Supplied records:
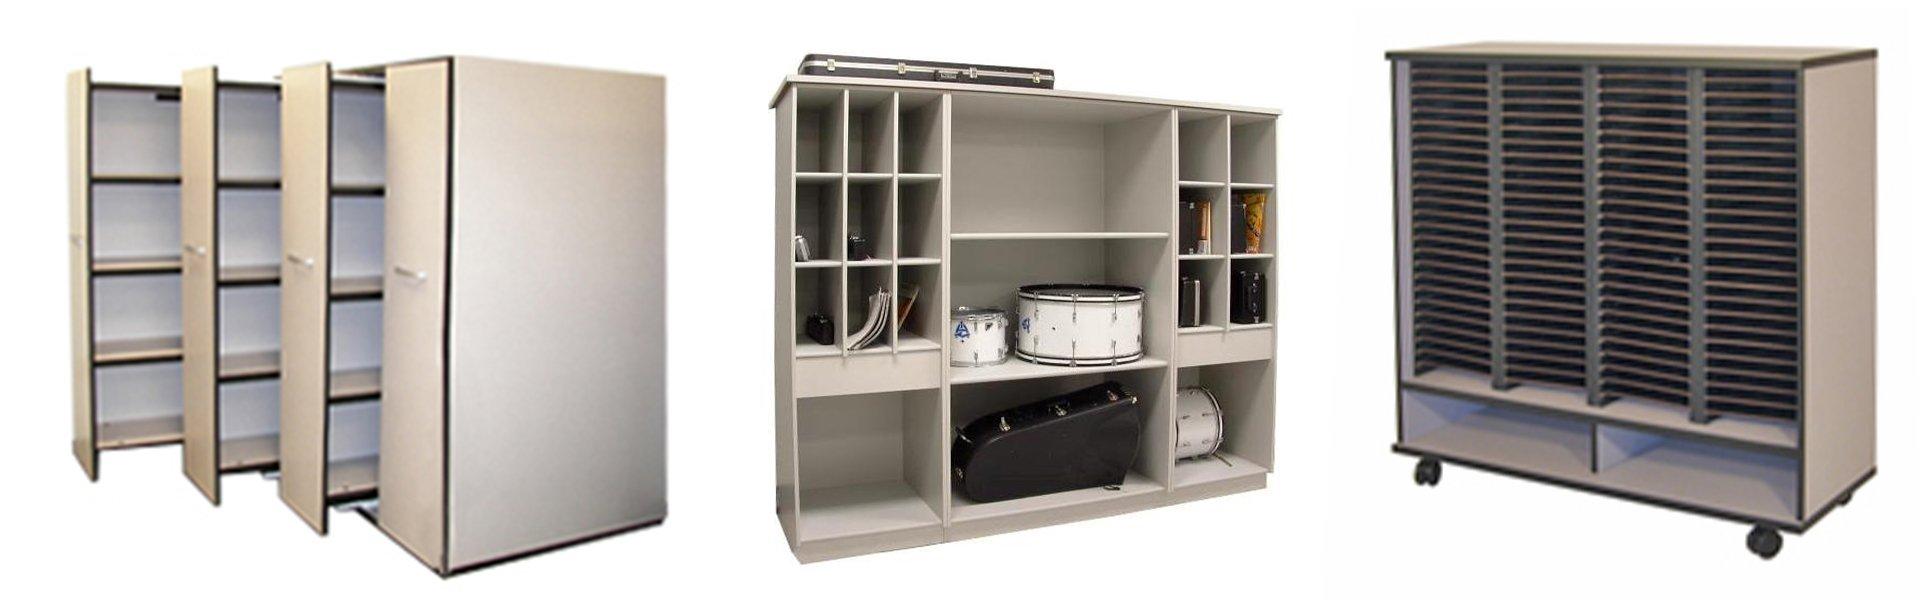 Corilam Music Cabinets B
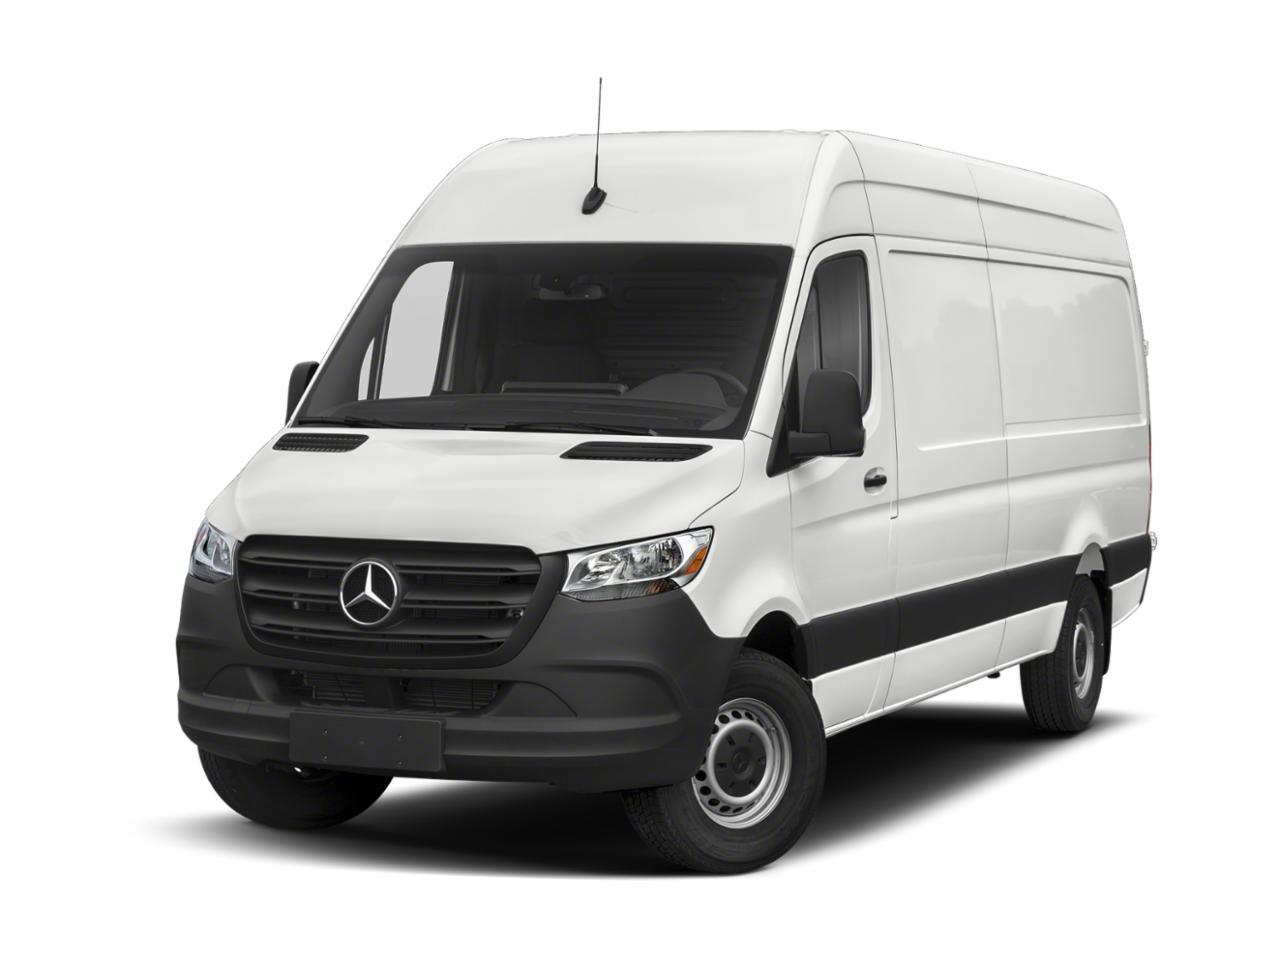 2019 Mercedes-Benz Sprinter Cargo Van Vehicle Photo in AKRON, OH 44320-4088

--

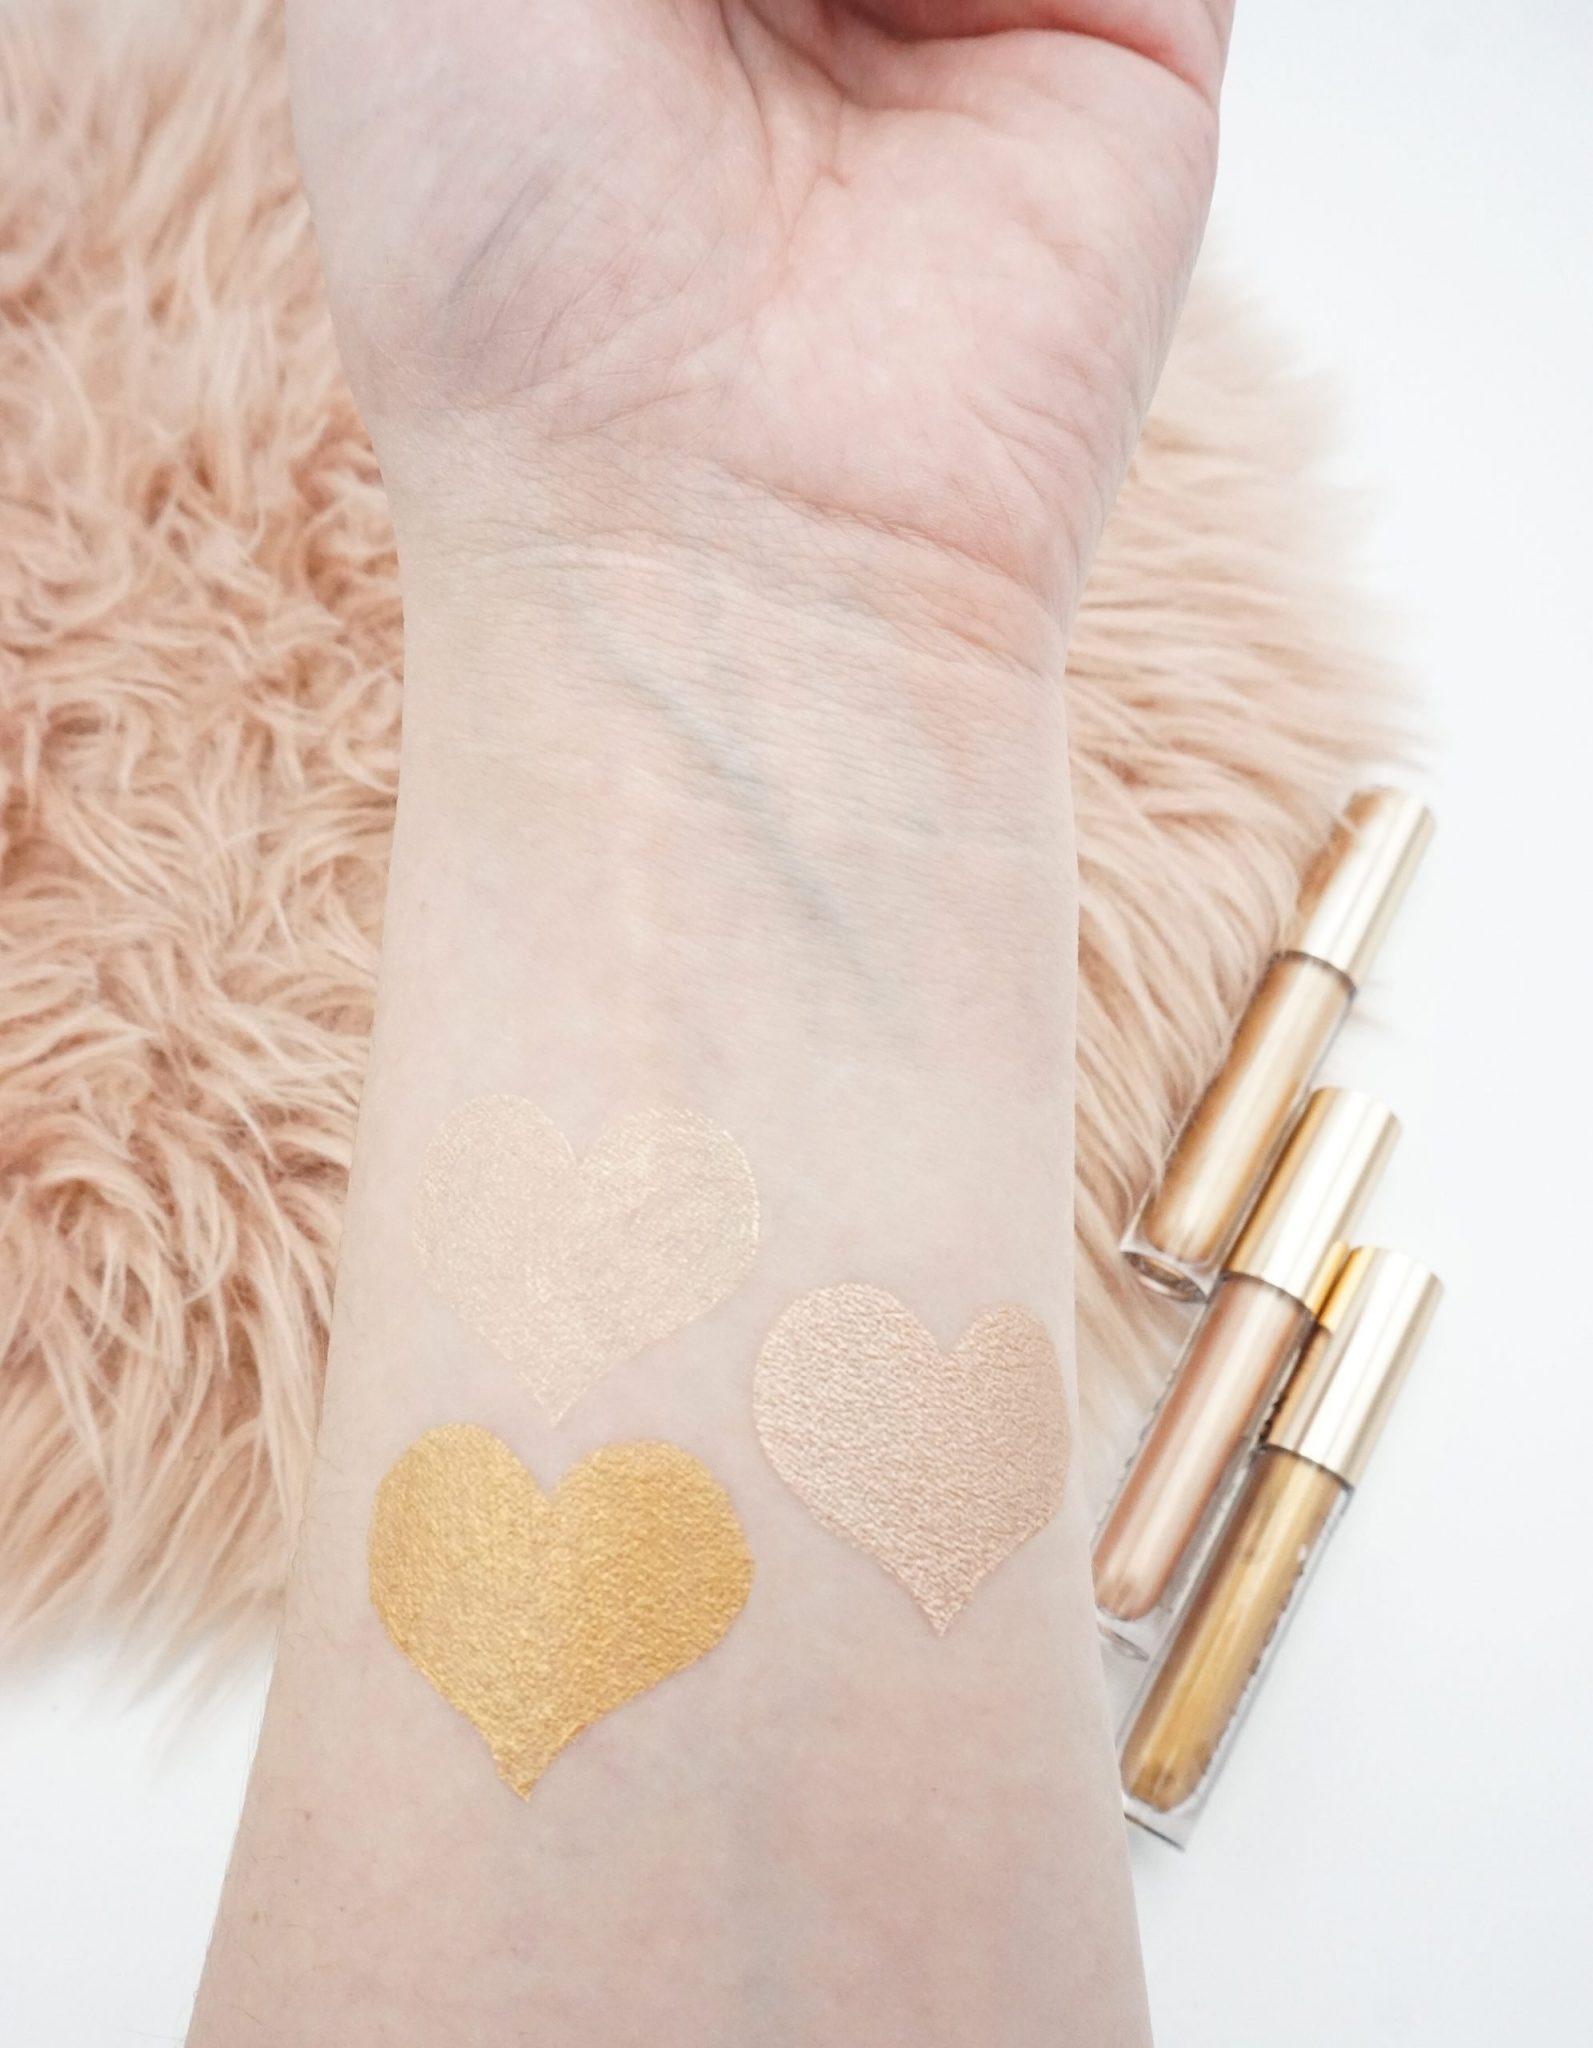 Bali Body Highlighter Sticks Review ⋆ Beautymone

...

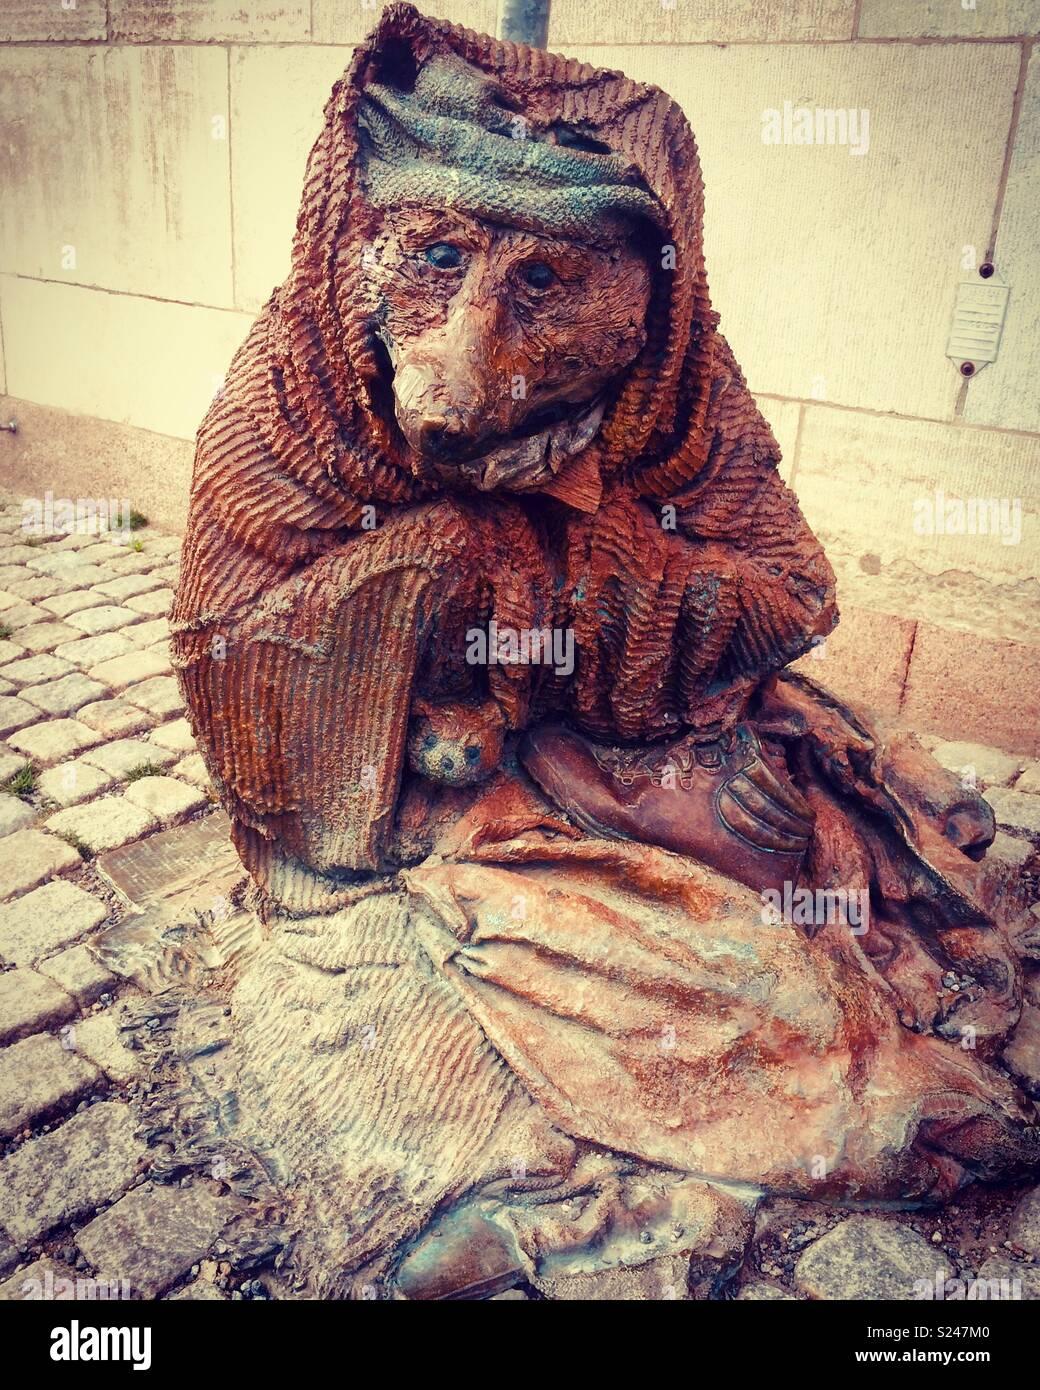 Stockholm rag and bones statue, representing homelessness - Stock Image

What you have to do:
In the listing above, find the line holding "Corilam Music Cabinets B" and the line holding "2019 Mercedes-Benz Sprinter". Reproduce those two lines and all between them exactly, leaving out pictures.

Answer area:
 Corilam Music Cabinets B
 2019 Mercedes-Benz Sprinter Cargo Van Vehicle Photo in AKRON, OH 44320-4088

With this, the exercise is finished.